Разведка Айгора прошла успешно. Вооруженная женщина зыркнула на меня и, слегка приоткрыв полы куртки, показала, что лучше без глупостей. С меня сняли наручники, и мы вошли в здание аэропорта города Таллахасси. В холле было прохладно и пусто. Мы шли как обычные четыре человека – двое женщин и двое мужчин, одетые в джинсы, рубашки и несколько не по размеру спортивные куртки. Увидев нашу компанию со стороны, никто бы никогда не догадался, что это конвой, сопровождающий заключенную.
У рамки досмотра стоял внушительного вида усатый сотрудник службы безопасности аэропорта в черной форме. Айгор слегка кивнул ему, а женщина с пистолетом больно сжала мое за плечо, направляя за мужчинами в какое-то подсобное помещение за неприметной дверью. Там у нас проверили документы и проводили к выходу на посадку, где меня разместили между Айгором и вооруженной женщиной, а позади сел еще один сотрудник службы иммиграции. Усатый охранник что-то прошептал сотруднику авиакомпании за стойкой перед входом в самолет, тот уставился на меня и бодро закивал. В такой компании мы просидели около часа. На посадку первыми пригласили меня и двух охранников. Женщина с пистолетом осталась в аэропорту. В самолете меня зажали на последнем ряду у окна, а рядом сел Айгор. Воткнув в уши музыку, он задремал, а я с жадностью всматривалась в пейзаж за окном иллюминатора. Рейс был коммерческий, а потому нам сразу объявили, что мы летим в Майами.
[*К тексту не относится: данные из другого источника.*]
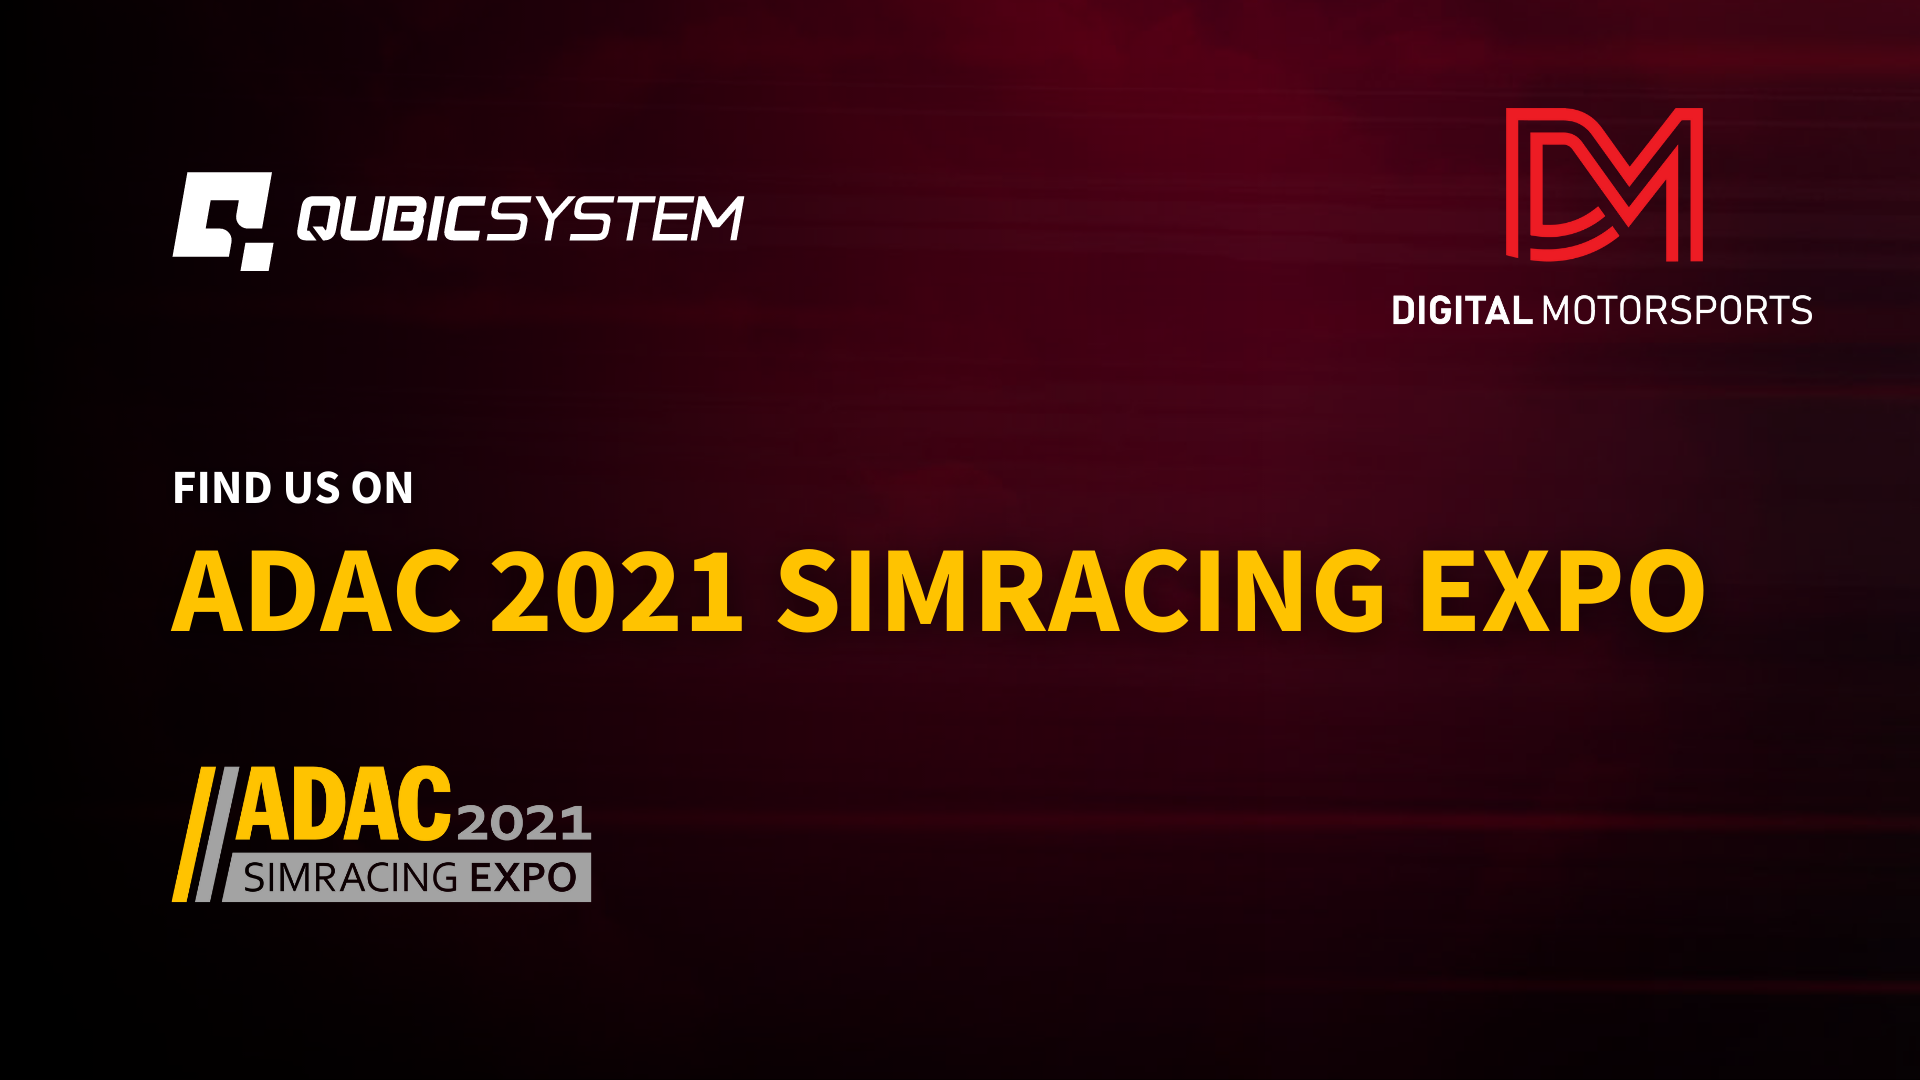 ADAC SimRacing Expo 2021
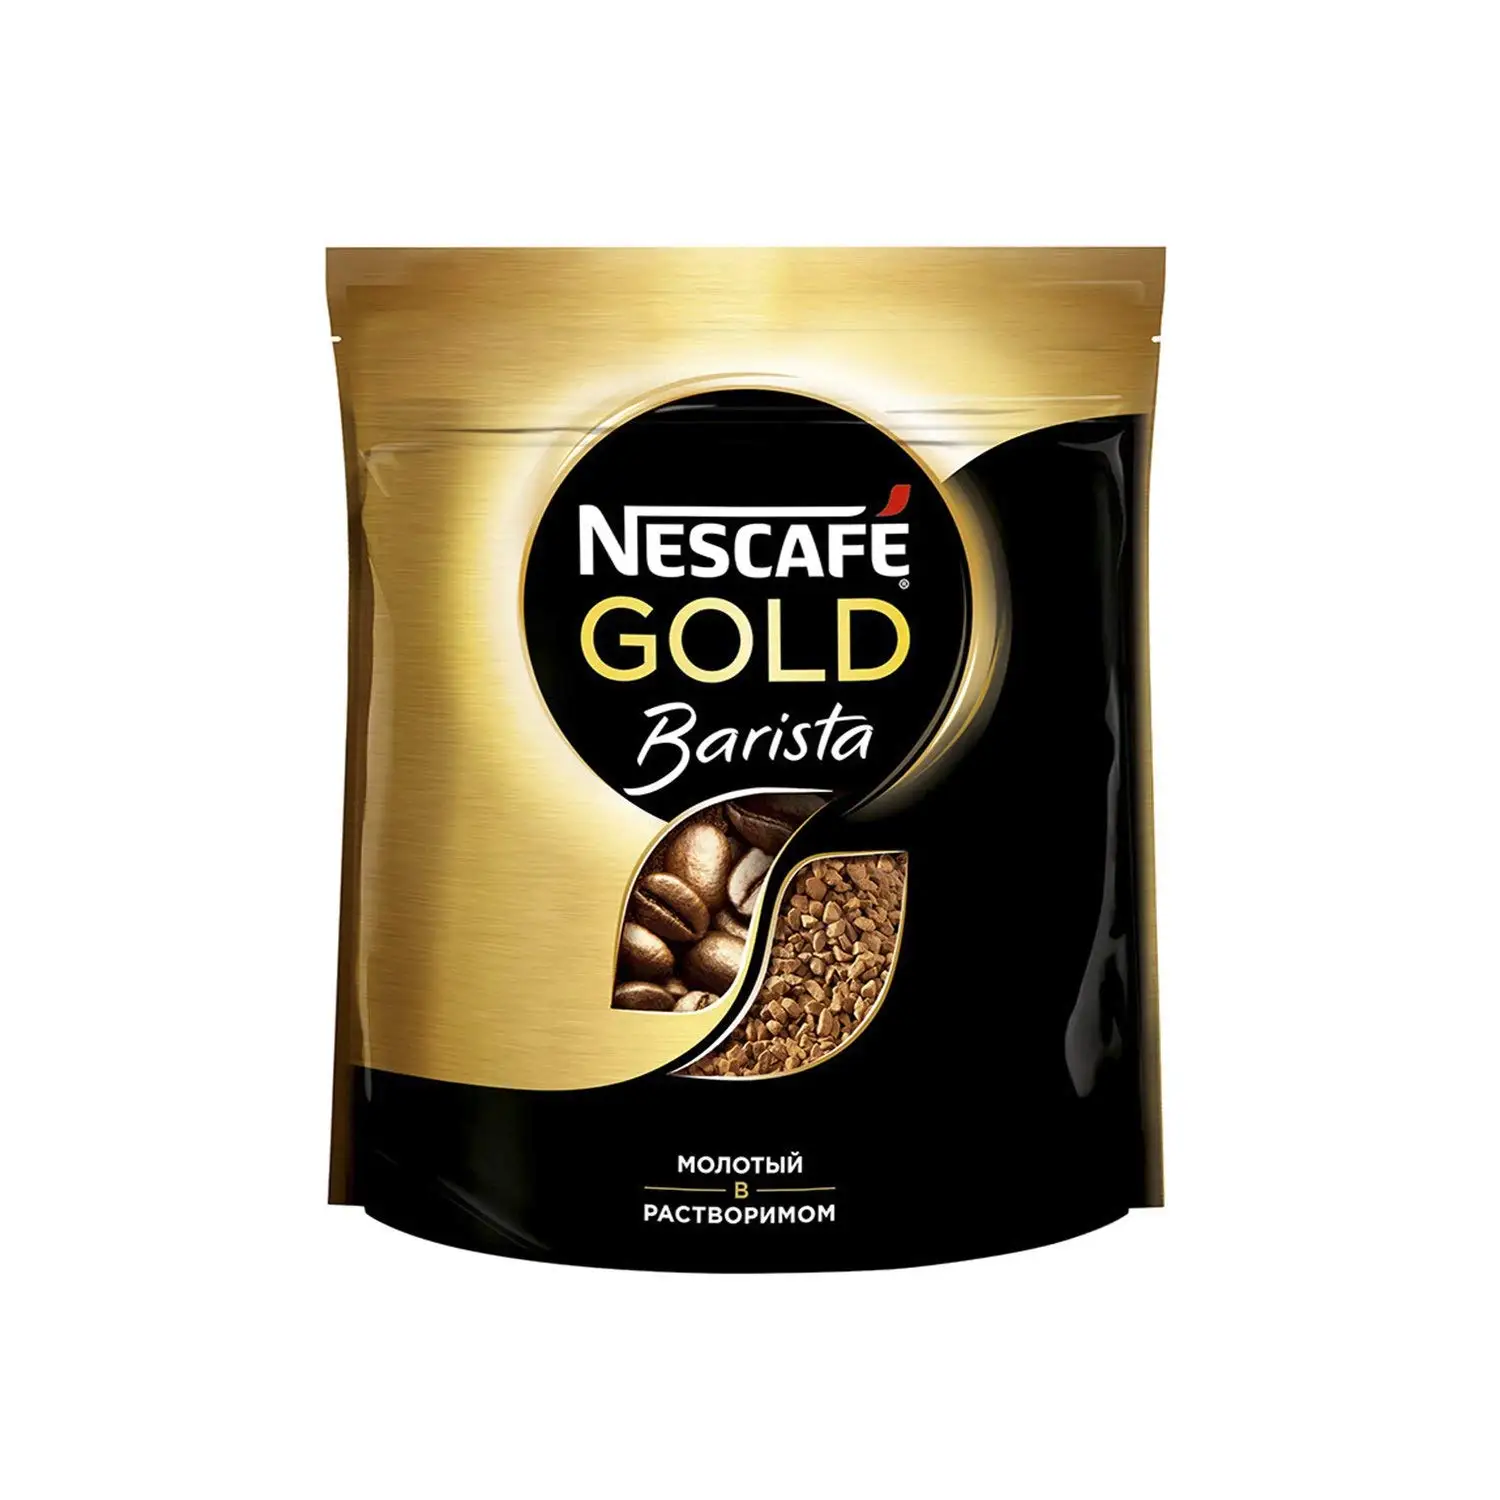 Nescafe gold пакет. Кофе Nescafe Gold 75г. Кофе Нескафе Голд 75г м/у. Кофе 75 г Голд бариста стайл «Нескафе». Кофе Нескафе Голд 75гр.

Полчаса спустя полная пожилая стюардесса с копной выбеленных волос, собранных в маленький поросячий хвостик на затылке, докатила тележку с питьевой водой и солеными орешками да нашего последнего ряда:
– Что желаете, джентльмены, – слащаво улыбнулась она моим надзирателям.
– Кофе, – улыбнулся Айгор, вытаскивая ушные затычки.
Стюардесса вмиг наполнила белый бумажный стаканчик с логотипом авиакомпании ароматным черным кофе и протянула надзирателю.
– Сэнк ю, мэм, – улыбнулся мужчина.
Я покорно ждала своей очереди, чтобы, удостоившись дежурной улыбки услужливой бортпроводницы, получить хотя бы стакан воды.
– Извините, я…
Но она меня будто не заметила, лишь мельком глянула, как на мерзкое насекомое, сняла тележку с тормоза и потянула за собой обратно по проходу.
Понимая, что неизвестно сколько времени мне предстоит умирать от жажды, я обратилась к Айгору:
– Можно мне, пожалуйста, стакан воды? – ссохшимися губами прошептала я.
Мужчина снова вздрогнул, хоть я и говорила на английском языке.
– Да, – неожиданно по-русски едва слышно ответил он. И громко добавил на английском: – Можно.
Когда стюардесса вернулась с пластиковым мусорным мешком собирать стаканчики, Айгор попросил ее принести мне стакан воды.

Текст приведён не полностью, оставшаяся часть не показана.